The key properties of the nanoparticle-hydrogel composite include shear-thinning upon application of shear stress and rheological recovery upon removal of shear stress. This allows the composite to be delivered locally to a target location within a subject, including routes such as syringe injection or spray delivery to coat anatomical surfaces. After delivery, nanoparticles are slowly released from the hydrogel matrix and taken up by cells, where the nucleic acid molecule is released to affect cellular function, for example, by gene silencing or regulating cellular pathways.
The background problem addressed is that while injectable hydrogels permit local delivery of therapeutics to reduce systemic off-target toxicity, previous hydrogel-mediated delivery vehicles face challenges for clinical viability, especially for nucleic acid-based therapeutics like RNA. Existing approaches could not effectively deliver functional miRNA to target cells in vivo with controlled release and stability within complex tissue environments such as serosal surfaces. The invention overcomes these challenges by designing a two-stage nanoparticle-hydrogel composite with defined peptide conformations, charge characteristics, and robust mechanical properties tailored for efficient nucleic acid delivery.
Claims Coverage
The patent includes 31 inventive features derived from multiple independent claims related to a peptide hydrogel with encapsulated nanoparticles for nucleic acid delivery, their compositions, structures, and methods of use in treating cancer.
Encapsulated nanoparticles comprising nucleic acid molecules complexed with unfolded cationic β-hairpin peptide
The hydrogel contains nanoparticles comprising a nucleic acid molecule complexed with a first amphiphilic cationic β-hairpin peptide that is unfolded and not in a β-hairpin conformation.
Peptide hydrogel formed from fibrillar network of β-hairpin folded amphiphilic cationic peptide
The hydrogel scaffold is formed from a second amphiphilic cationic β-hairpin peptide that is folded in a β-hairpin conformation, creating a fibrillar network.
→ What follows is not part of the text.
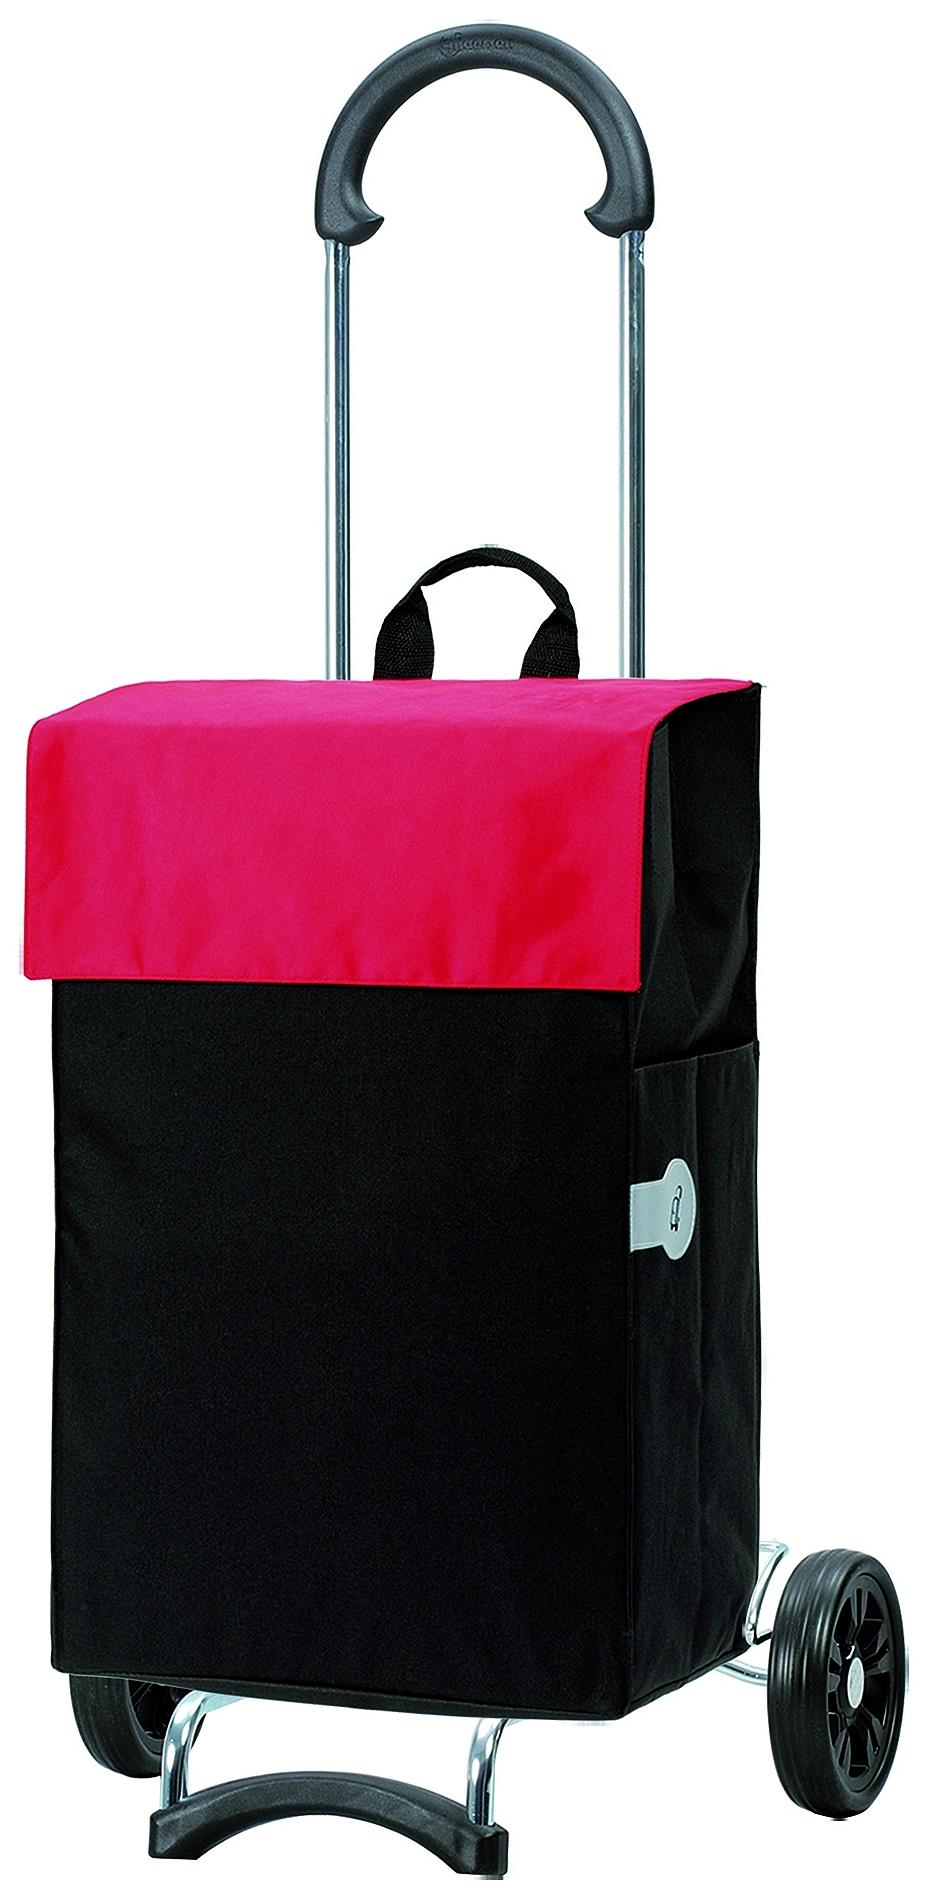 Andersen Nákupní taška na kolečkách SCALA SHOPPER® HERA 112-004-70 černo-červená
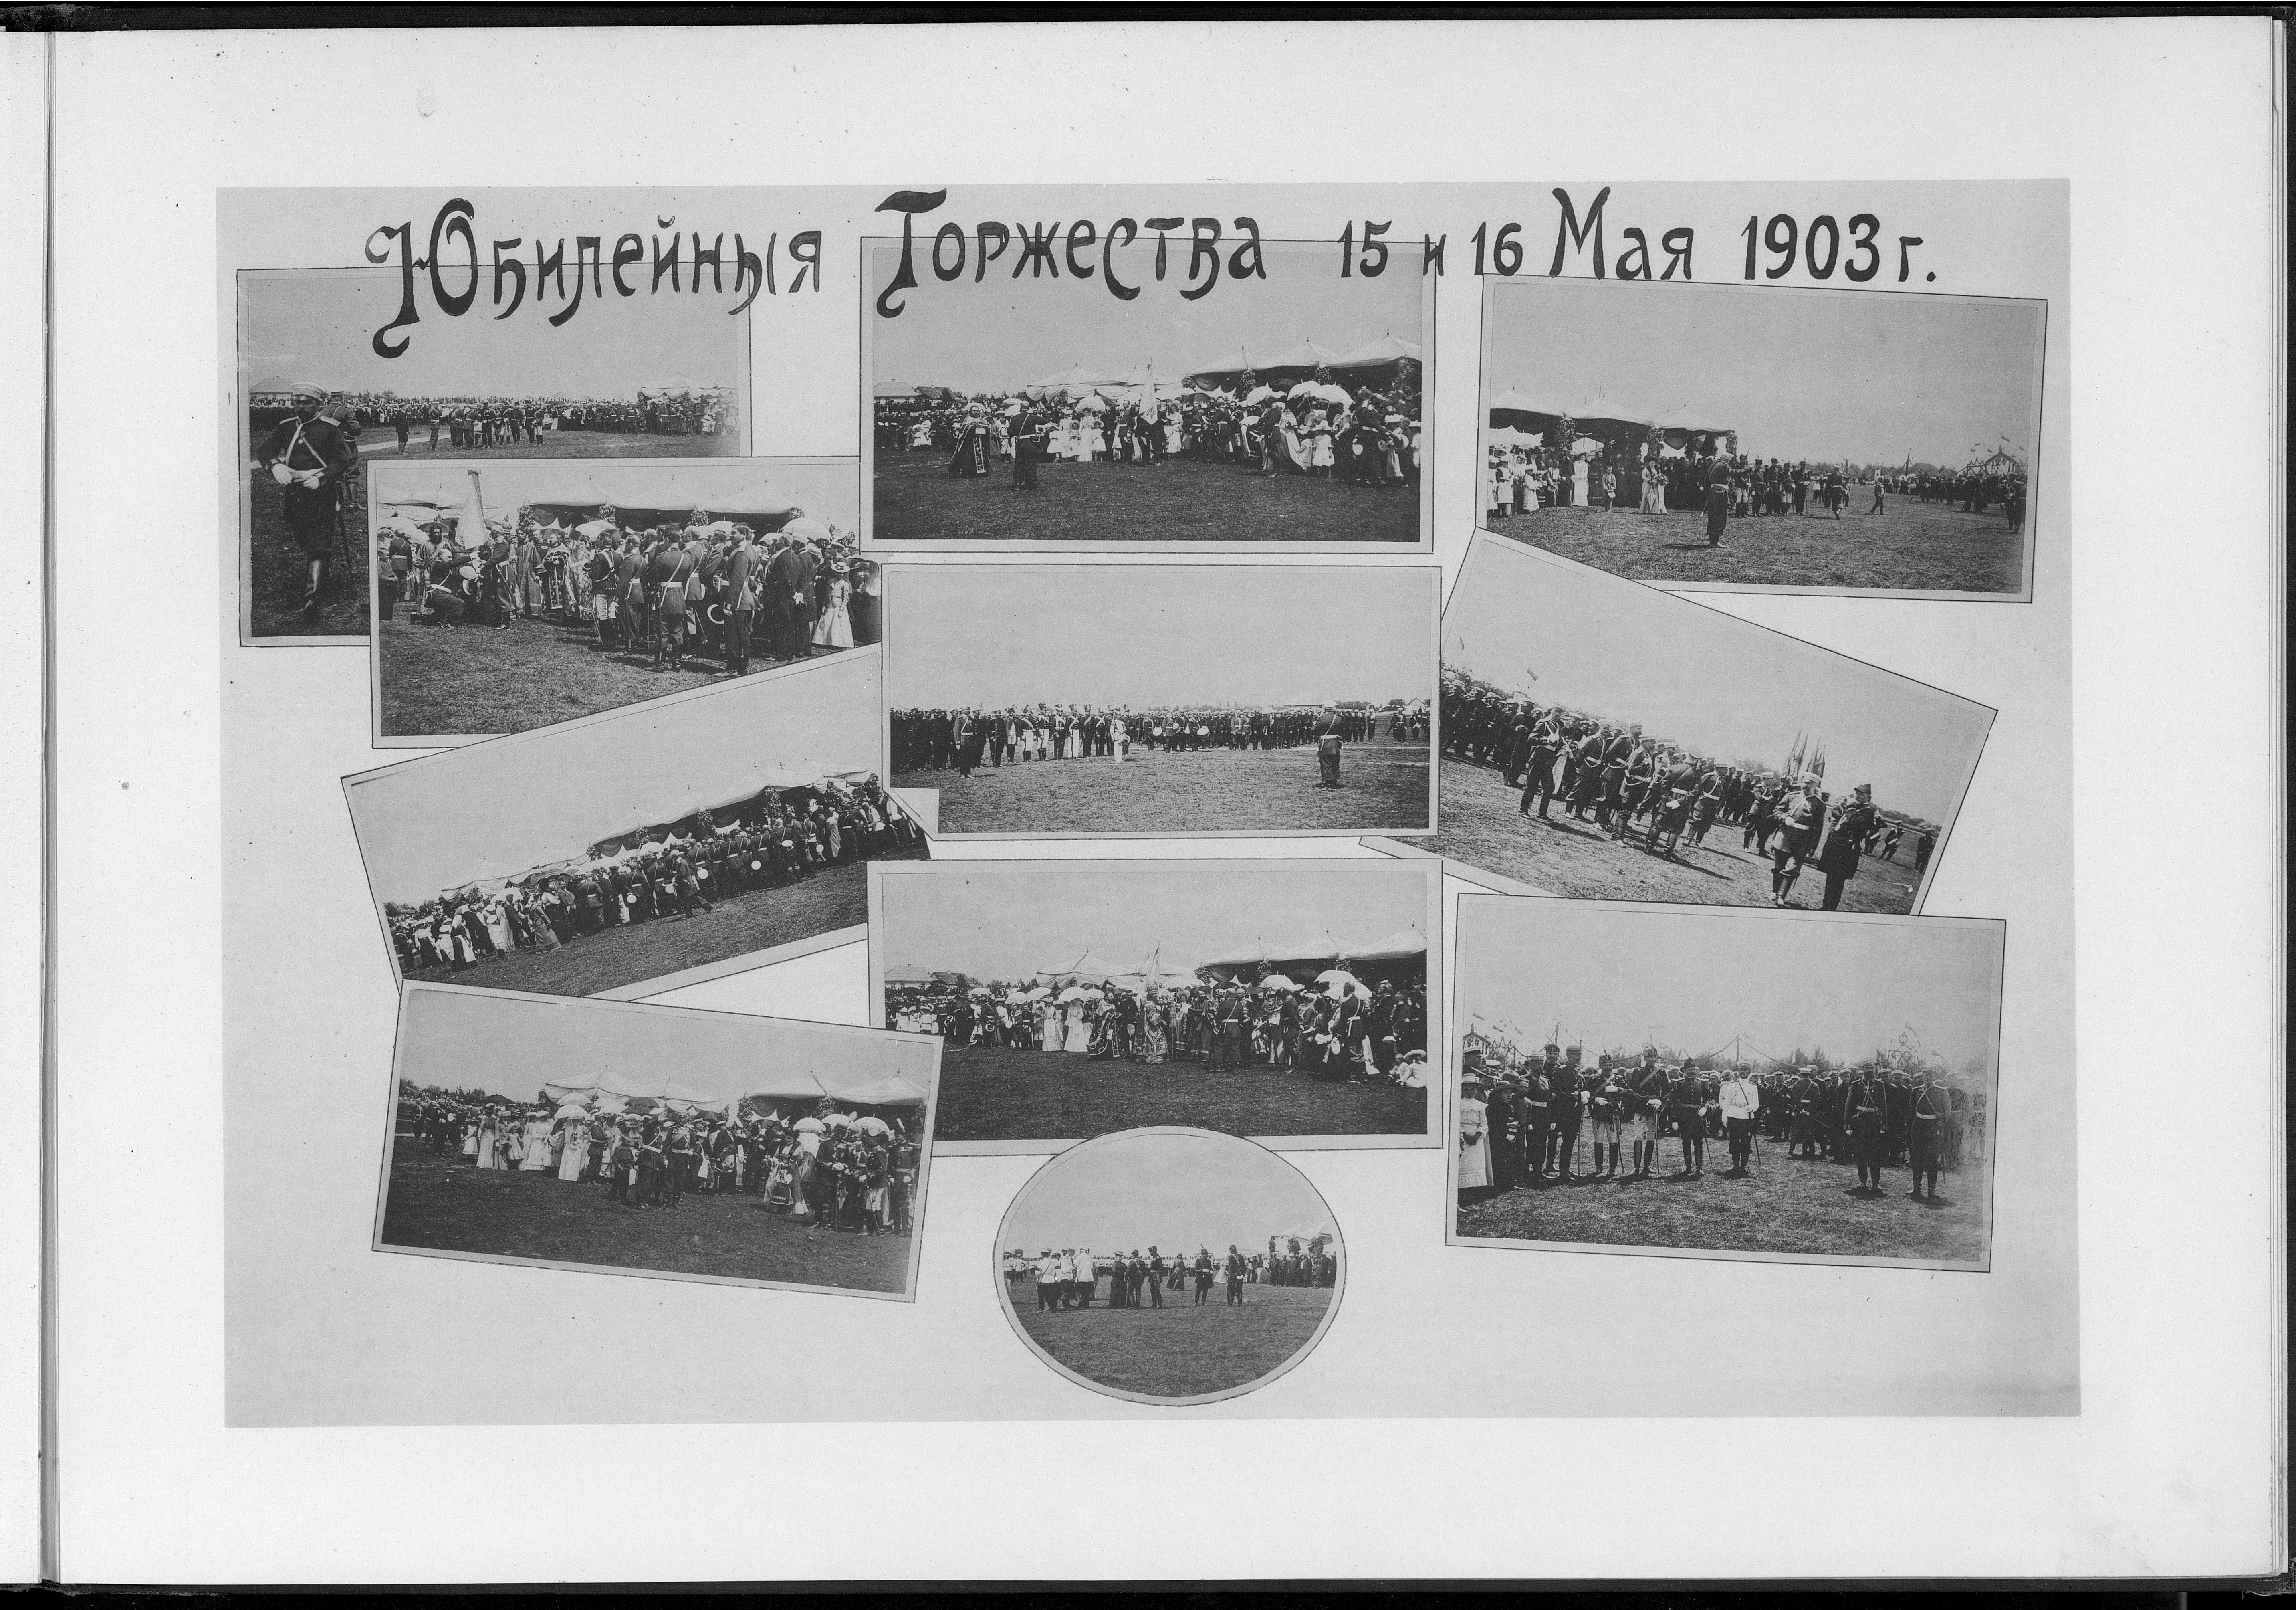 15. Юбилейные торжества 15 и 16 мая 1903

Hydrogel shear-thinning and rheological recovery properties
The peptide hydrogel undergoes shear-thinning upon application of shear stress and recovers rheologically upon removal of shear stress, enabling flowable delivery and in situ gelation.
Nucleic acid molecule as antisense nucleic acid or microRNA
The nucleic acid molecule complexed in the nanoparticles is an antisense nucleic acid molecule or a microRNA or a mimic and/or mimetic thereof, including specific human mature miRNAs.
Electrostatic charge relationship between first and second amphiphilic cationic β-hairpin peptides
The net electrostatic charge of the first amphiphilic cationic β-hairpin peptide is equal to or more positive than that of the second amphiphilic cationic β-hairpin peptide at neutral pH, contributing to complex stability and release kinetics.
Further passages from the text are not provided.